9.7 Prioritized Trajectory Replay: A Replay Memory for Data-driven Reinforcement Learning
- Authors: Jinyi Liu, Yi Ma, Jianye Hao, Yujing Hu, Yan Zheng, Tangjie Lv, Changjie Fan
- Reason: The paper presents a unique approach to offline Reinforcement Learning (RL), expanding on the importance of data sampling for enhancing efficiency. This is especially crucial in the domain of RL which is seeing fast-paced developments.
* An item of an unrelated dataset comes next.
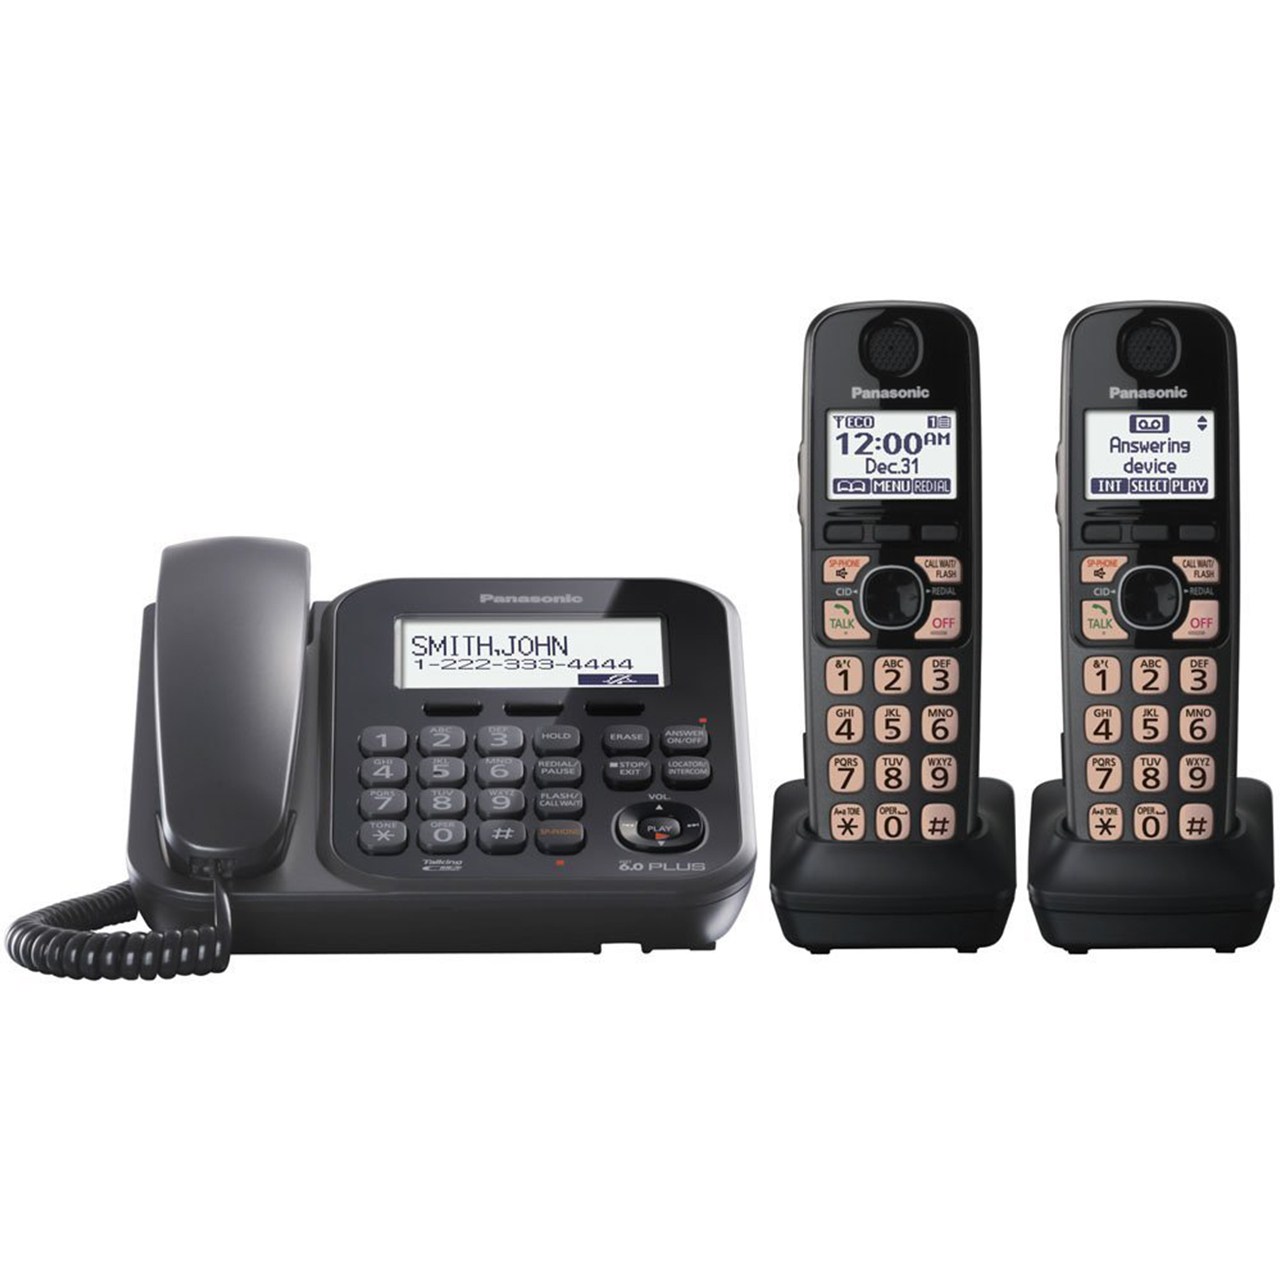 تلفن بی سیم پاناسونیک مدل KX-TG4772

9.5 Beyond dynamic programming
- Authors: Abhinav Muraleedharan
- Reason: The paper makes significant strides in reinforcement learning by introducing a new theoretical approach - Score-life programming. The author brings forward a novel means to search over non-stationary policy functions, optimizing action sequences, and increasing the performance of reinforcement learning algorithms.
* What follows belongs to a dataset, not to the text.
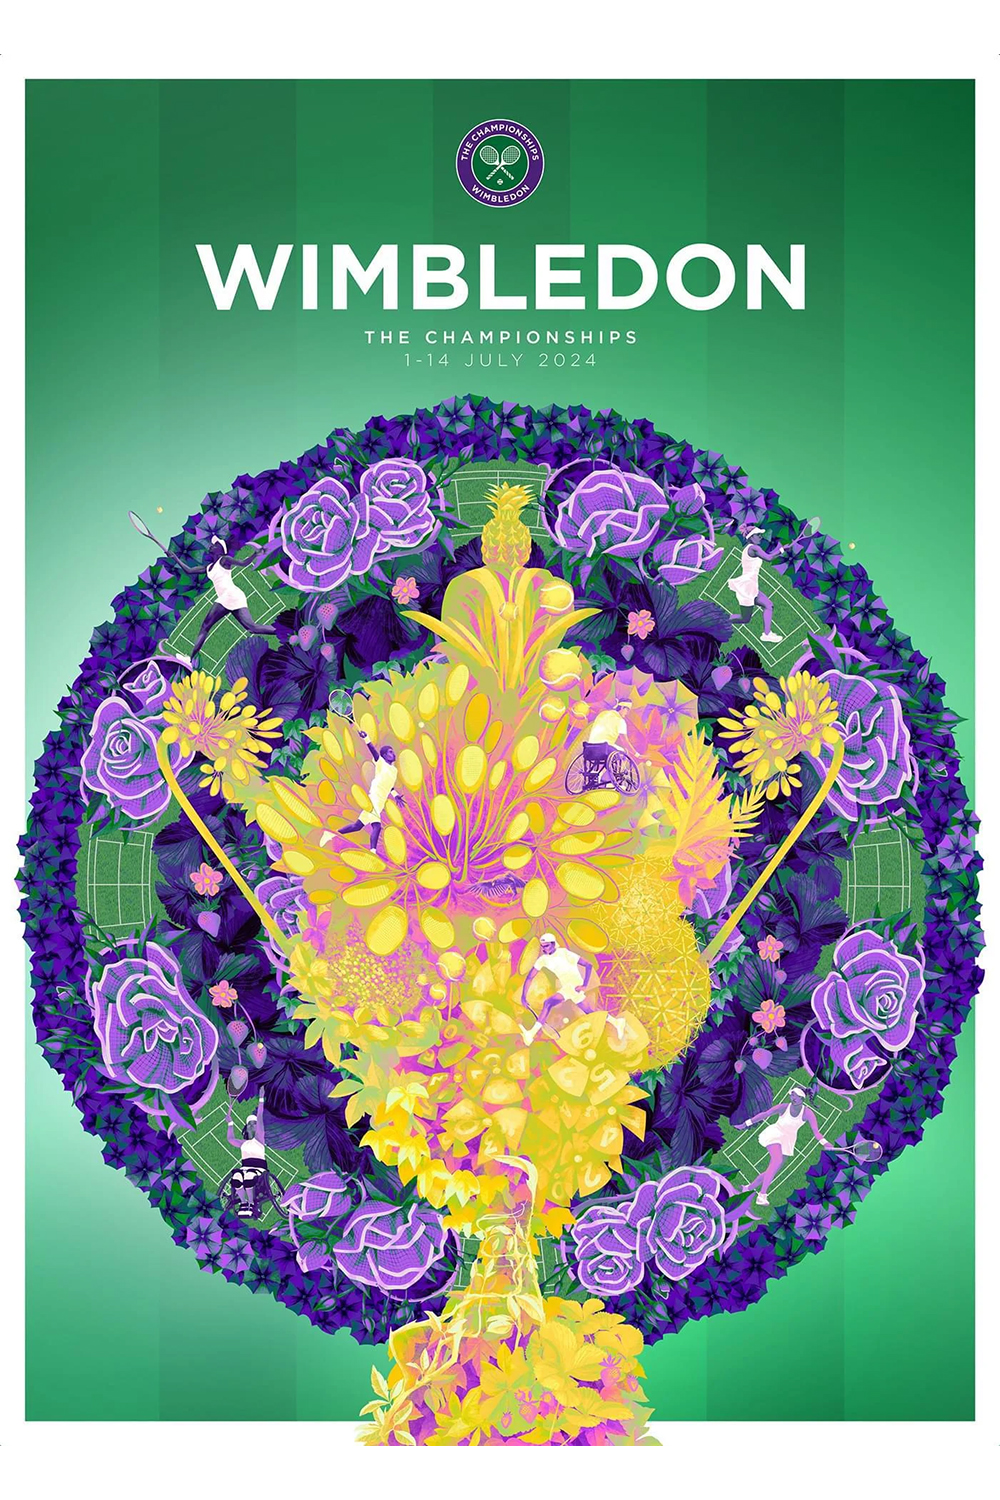 The Wimbledon 2024 poster

9.4 Optimizing Credit Limit Adjustments Under Adversarial Goals Using Reinforcement Learning
- Authors: Sherly Alfonso-Sánchez, Jesús Solano, Alejandro Correa-Bahnsen, Kristina P. Sendova, Cristián Bravo
- Reason: This work extends the RL framework to the banking sector—a domain that remains predominantly uncharted. The novelty of this research combined with the field of applications could follow significant influence.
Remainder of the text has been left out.